Si pensa al pass vaccinale mentre il trasporto pubblico registra rischiosi affollamenti proprio dopo che le autorità hanno trovato il virus in autobus e treni

Covid, paradosso del pass per ristoranti mentre il trasporto pubblico esplode
Milano – Situazione Mezzi Pubblici. Metro M1. Cadorna. Folla. Zona Gialla

Non c’è pace per i ristoratori italiani che all’indomani dell’annuncio delle riaperture del prossimo 26 aprile (all’aperto solo se e fino a quando sarà zona gialla, ricordiamocelo) devono sentirsi minacciati  dall’ultima trovata ed ennesima limitazione che rischia di rendere ancora più difficile l’imminente ripartenza.

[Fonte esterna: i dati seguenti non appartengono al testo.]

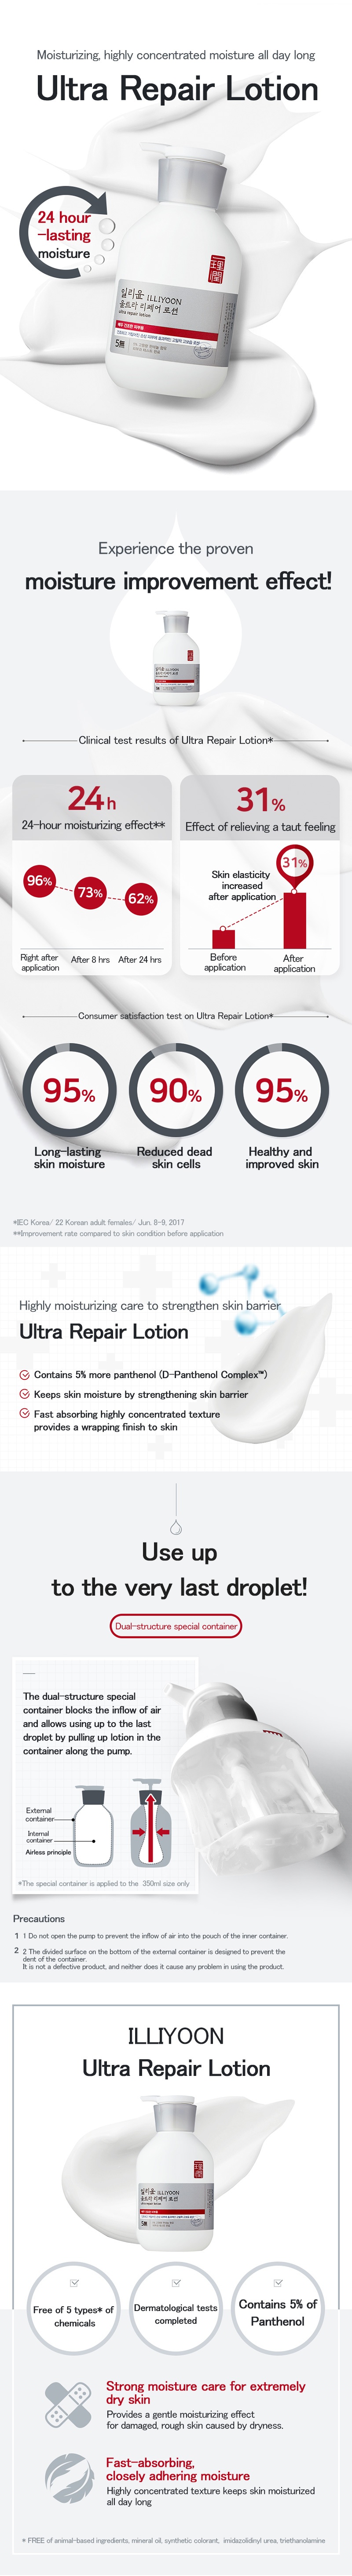 ILLIYOON Ultra Repair Lotion produit cosmétique coréen boutique en ligne malaisie chiana usa1
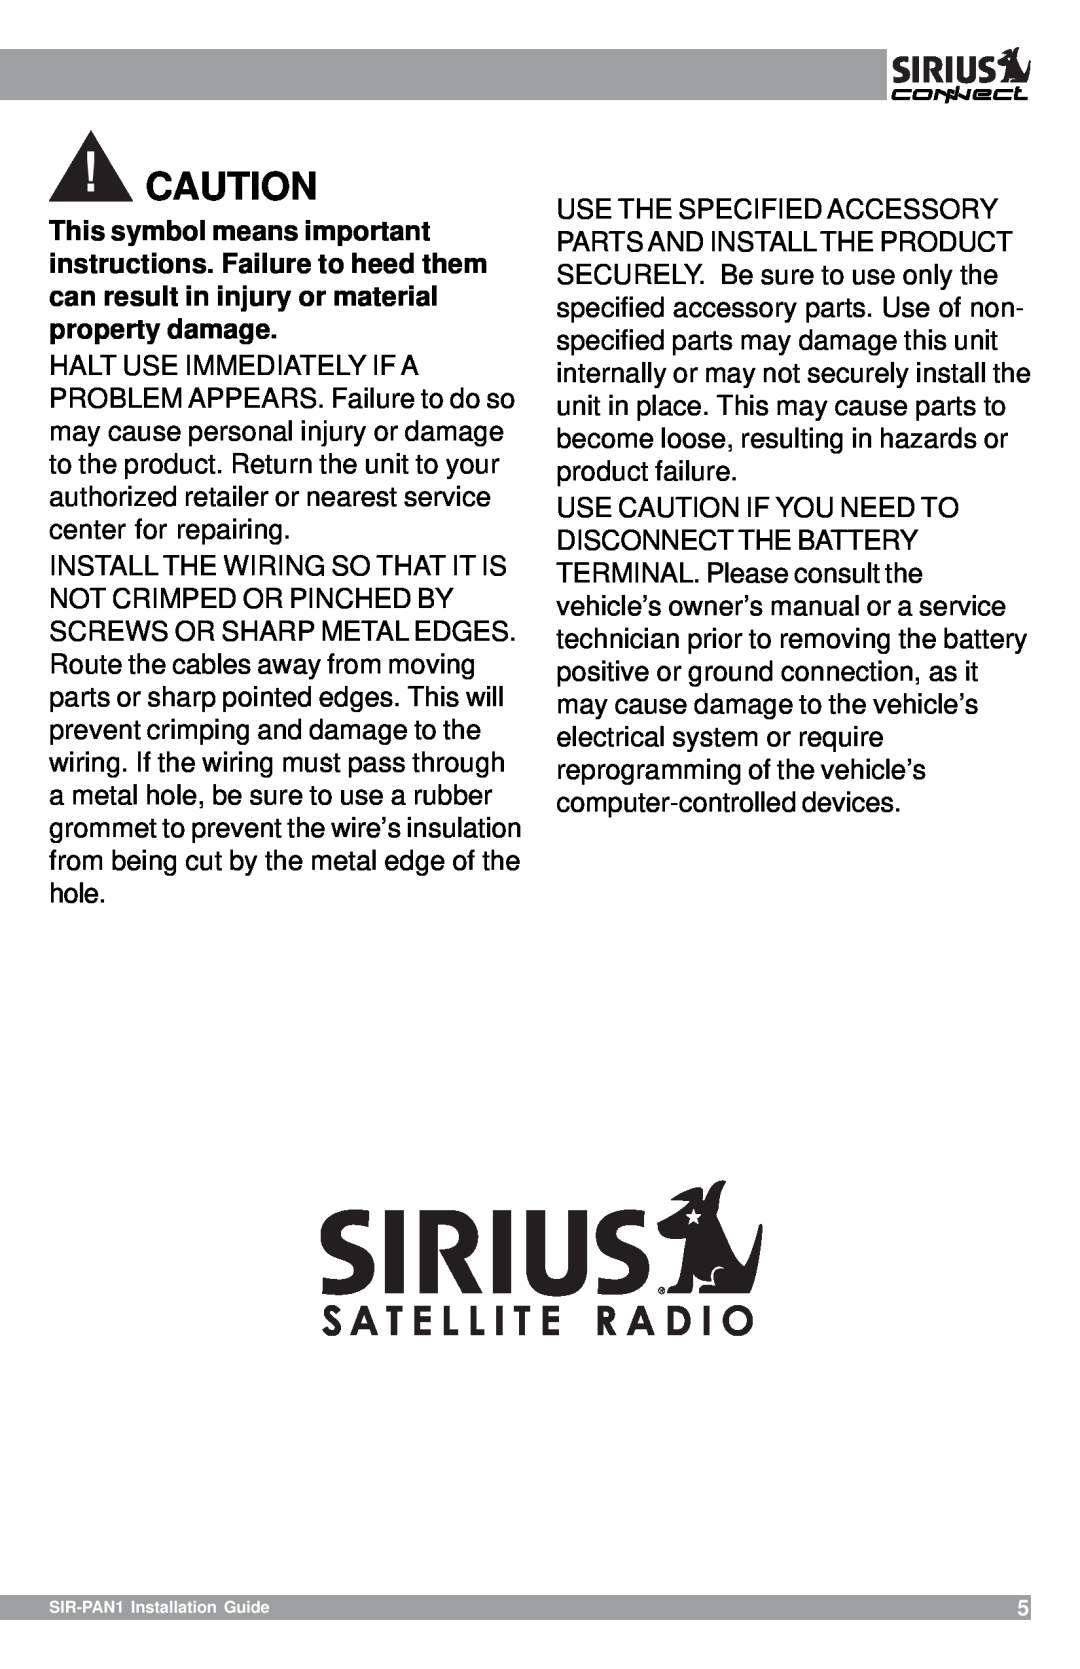 Sirius Satellite Radio SIR-PAN1 manual

Sì perché è stata annunciata da parte di alcune amministrazioni regionali e in particolare dall’assessore alla Sanità della Regione Lazio Alessio D’Amato, l’intenzione di introdurre un pass vaccinale per l’accesso ai locali che siano ristoranti, bar, pub e chi più ne ha ne metta.

Tutto questo mentre il trasporto pubblico, in considerazione anche dell’aumento del traffico per il ritorno a scuola, fa registrare rischiosi affollamenti  proprio dopo che le autorità sanitarie hanno comunicato di aver trovato il virus all’interno di autobus e treni. C’è qualcosa che non torna.

Il pass, in questione, dovrebbe garantire, a partire dal prossimo 1 giugno, l’accesso ai locali a chi ha già avuto il Covid, a coloro che sono stati vaccinati e per quelli che sono sottoposti a tampone ma di potenziamento del trasporto pubblico, o meglio, di un piano per il trasporto pubblico non se ne parla.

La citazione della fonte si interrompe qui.